The Thief Who Pulled On Trouble's Braids by Michael McClung

The gap between the rich and the poor is as wide as ever. Most people aren’t willing to do anything about it, and continue to live their lives in with the mindset that this is the lot that they have been cast, and have determined to live in their squalor. But that’s most people. That’s not Amara.

Amara is a paid by commission thief, who inside her circle of well-connected bandits, is among the best in her trade. The story opens with Amara dealing with a fellow comrade of hers, Corbin, who has come to her for help and to seek refuge for a piece of plunder for which he is attempting to keep safe. Not thinking much of it, Amar takes the stolen goods and hides them in her hidey hole for safe keeping. But when Corbin failes to come back for his plunder, Amar knew something was not right here.
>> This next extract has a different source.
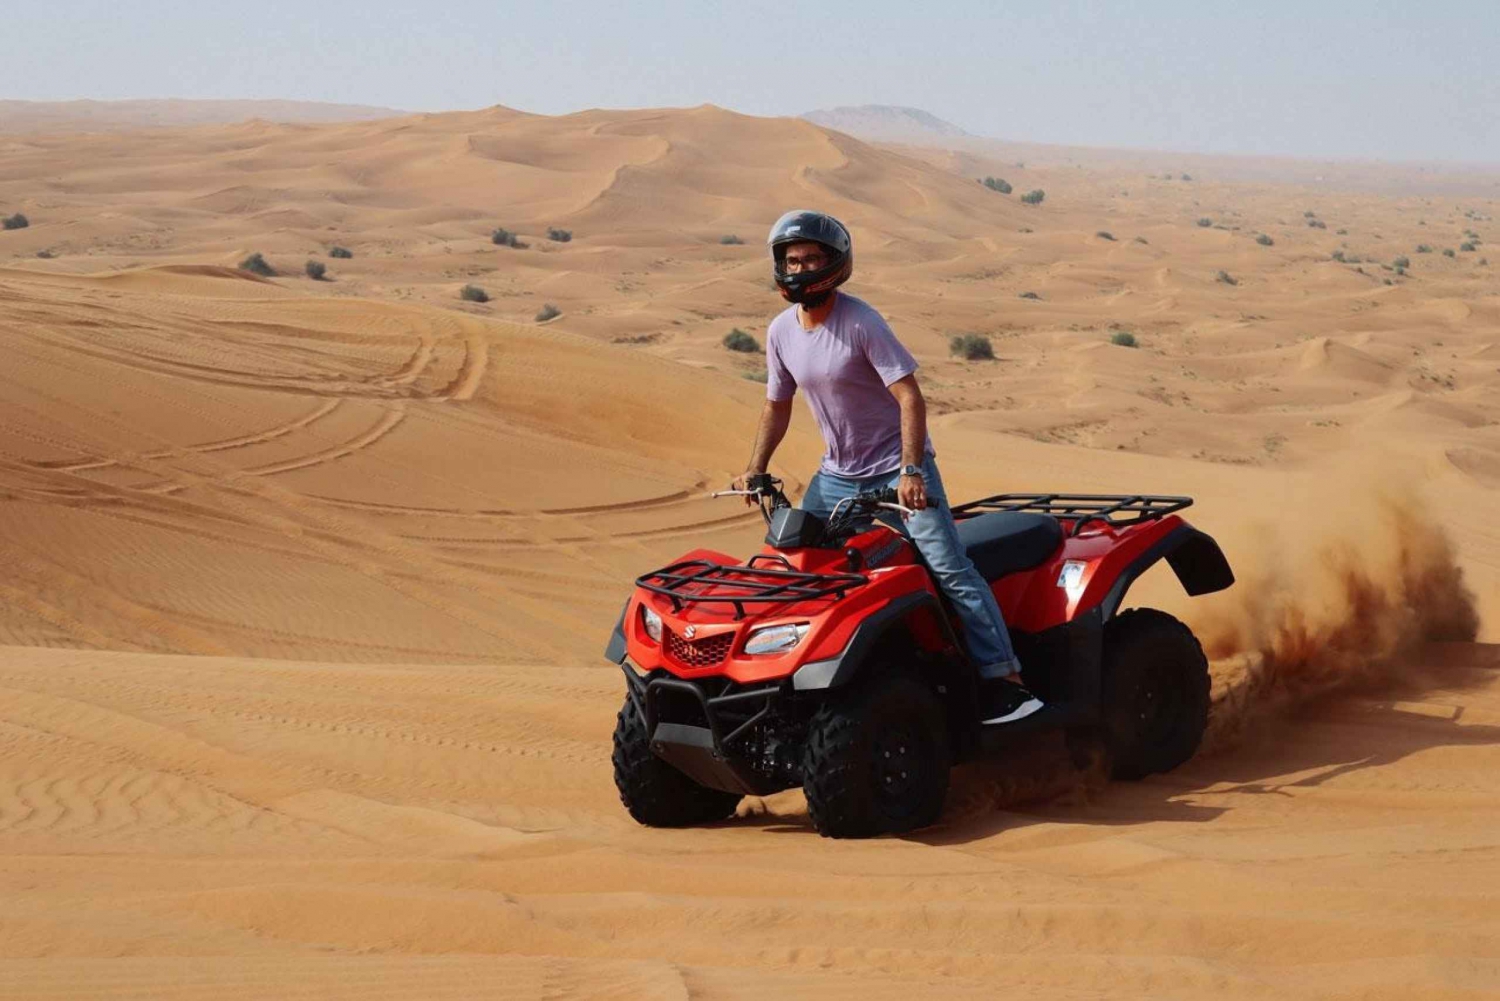 Dubai: Firehjulssafari, kameler og leirskole med grillmiddag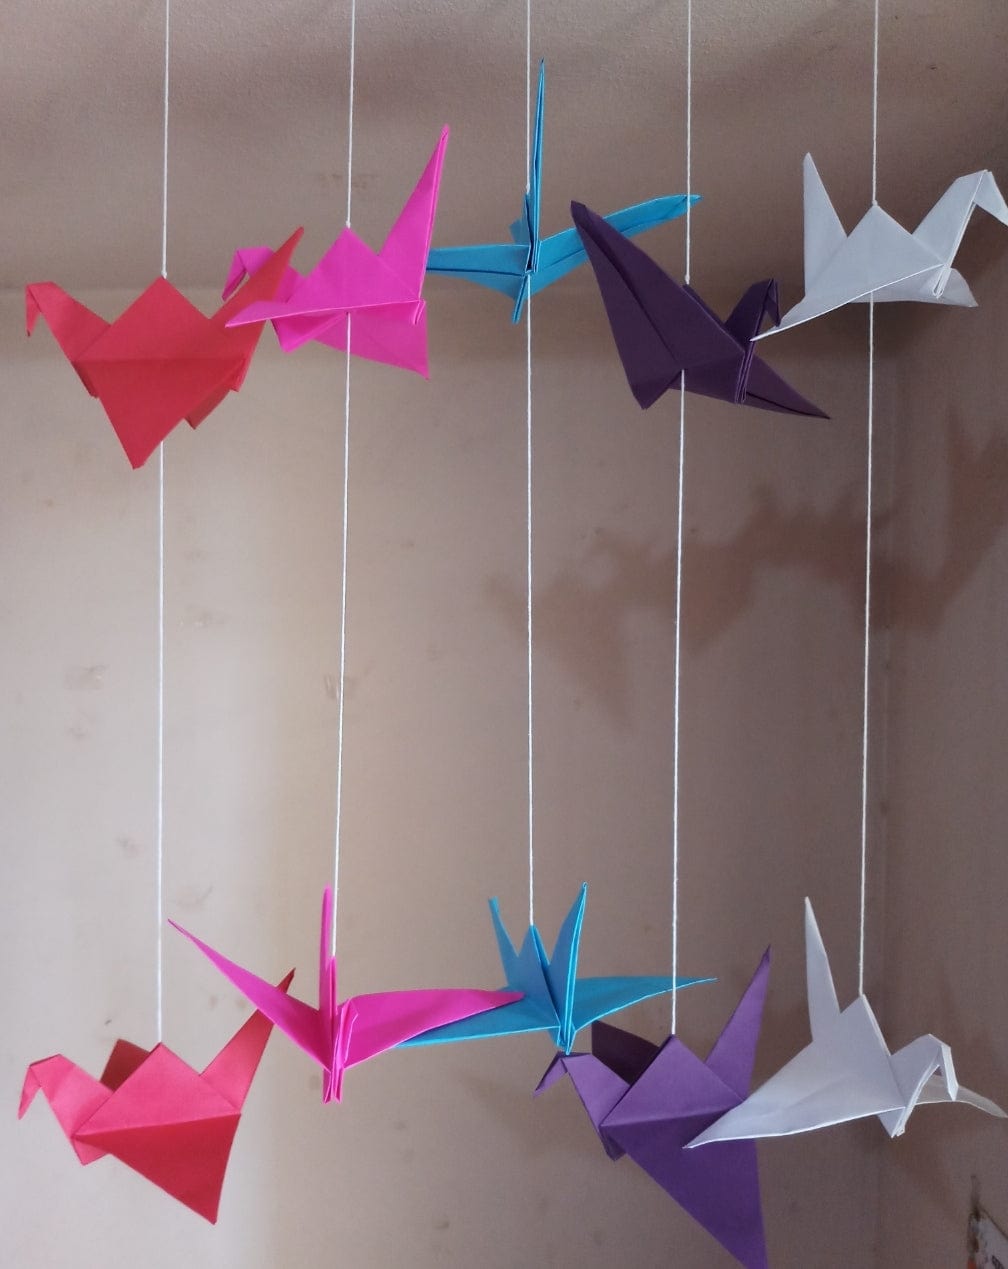 Lamansh LAMANSH® (5 feet) Pack of 10 Paper Peacock Bird origami hangings for backdrops / Decorative paper hangings for birthday & party celebration

 As dread began to mount in the usually cool and calculating Amar, she started out to search for Corbin, and what she found would lead her and a band of an unexpected band of cohorts along a journey where even the highest minds of the land could not have predicted its end, much less its ultimate purpose.

McClung has done an excellent job at mixing the expected paranormal happenings with the most unusual settings and what would usually be a gaggle of unlikeable characters. McClung not only humanizes thieves, bandits and public servants with too much power, but he renders them to be endearing, likable but most of all capable. He takes those who we normally wish to see fail, and turn them into the heroes of the story and elicits his readers to root for their survival and ultimate triumph.
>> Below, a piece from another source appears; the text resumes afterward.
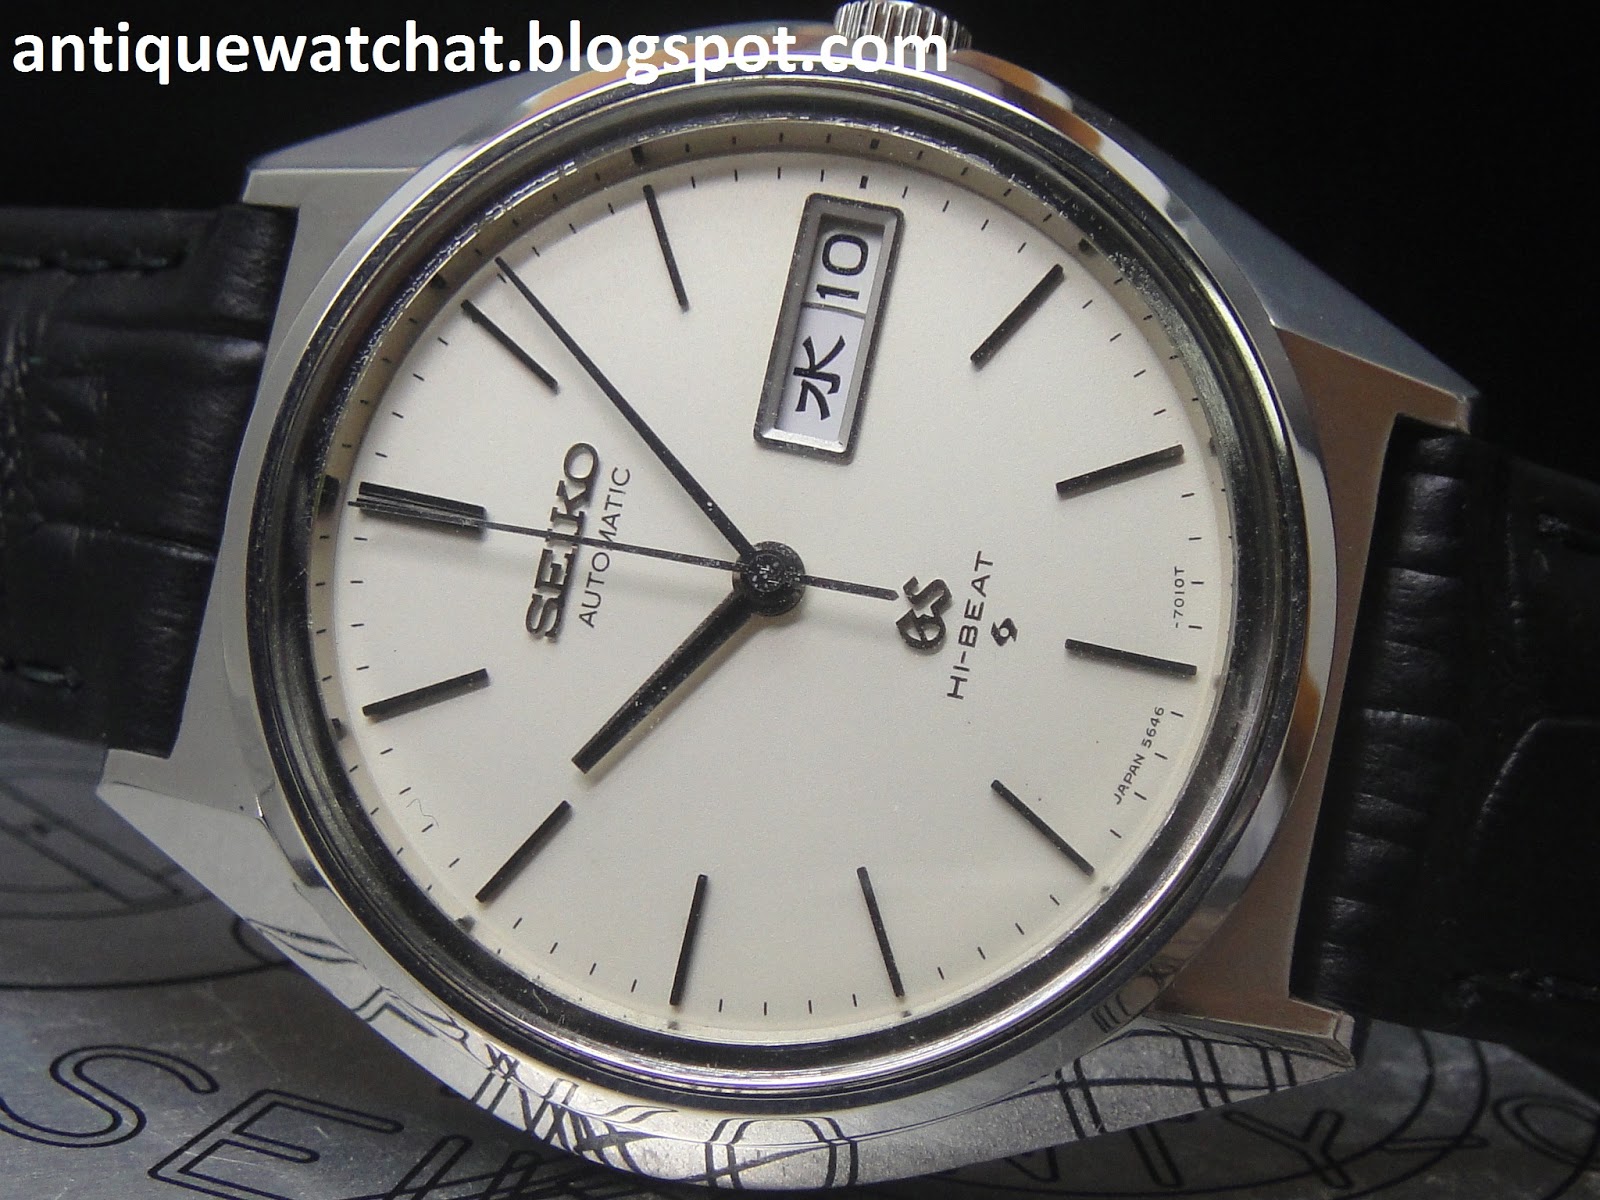 Antique Watch Bar: GRAND SEIKO HI-BEAT 5646-7010 GS10 (SOLD)

McClung made an amazing effort to show through his stories that even when you are greeted with an insurmountable task, sometimes all you need to do is look within you or to the ones that you trust that surround you to solve the problem. If you can believe in yourself, no matter what anyone else’s opinion is of you, you can always discover what the correct path for your life will be. He demonstrates this in his characters over and over again. Characters that normal society would intently look their noses down upon as being lesser than they, in actuality embodied the quality of being overcomers. They never needed the affirmation of the masses in order to know what the right thing to do was. Even though they were considered to be the bad seed, the always and without hesitation, acted upon what was right.

This is by far one of the best books I have read in a very long time. It was so unexpected and delightful, that I was able to really lose myself in the world that was placed before me. I give this book 5 out of 5 morals, only because there are no more stars to give. I cannot wait to read more of the adventures of Amara and her unlikely crew, and to become one step closer to discovering the fate of the world as they know it. McClung is an author to watch, and I expect only great things to come from his efforts.